念著是初雪,兆頭好,雍盛便磨著謝折衣一起下轎,說是要賞雪。謝折衣先還勸兩句,說什么雪欺衣單當心寒氣入體,但見他歡喜的模樣,拒絕的話到了嘴邊怎么也吐不出,就由著他撒野,將自己拽出溫暖的轎廂。
因怕人太多,壞了氣氛,雍盛就不讓懷祿他們跟得太緊,將人攆出恨不得二里地,于是帝后二人在前頭走著,后頭遠遠地綴著一長條安靜的尾巴。
紅墻雪夜,天地蒼茫。
雍盛先還背著手正經走了一段,后來實在忍不住,猛地橫跨一步,挨近了,極其自然地握住身邊人的手,塞進自己的袖籠里。
雖早有預料是塊冰疙瘩,真揣進來時仍是被凍得一哆嗦,嘶了一聲。
引得謝折衣輕笑起來:“涼罷?”
“不涼。
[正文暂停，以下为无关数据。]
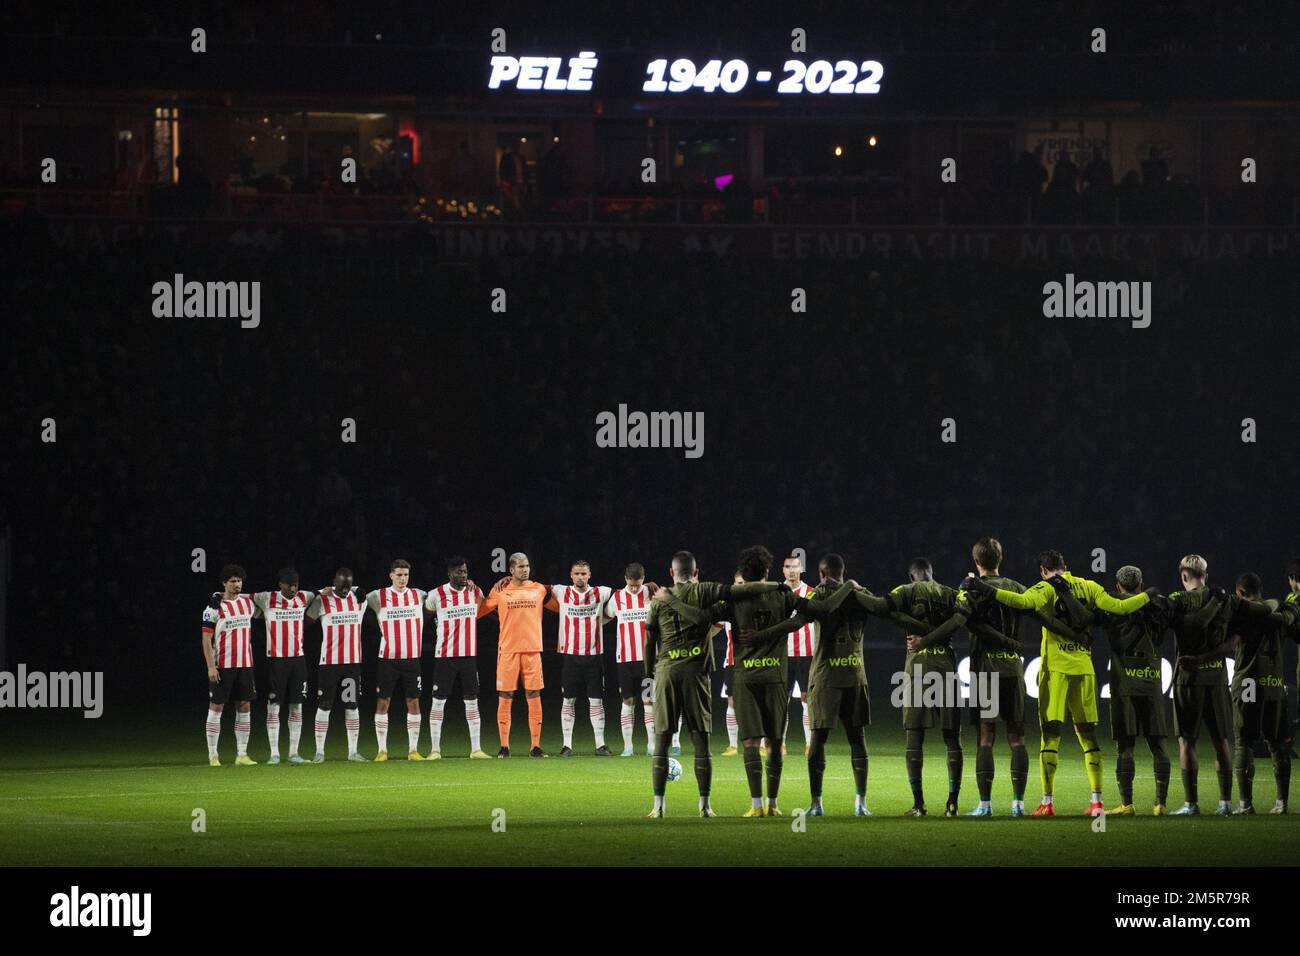 EINDHOVEN A minute's silence for Pele during the friendly game PSV against AC Milan in the Philips stadium. ANP OLAF KRAAK Stock Photo

”雍盛吸了吸鼻子,“捂會兒就熱了。”
謝折衣彎了彎眼睛,將下巴往鶴氅的白狐貍毛領里埋了埋,含糊地應了一聲:“好。”
這聲好,像是有什么魔力。
雍盛忽然間感到心臟變得很輕很軟,仿佛隨時都能騰空而起,變成熱熱的云朵。
謝折衣一定很怕冷。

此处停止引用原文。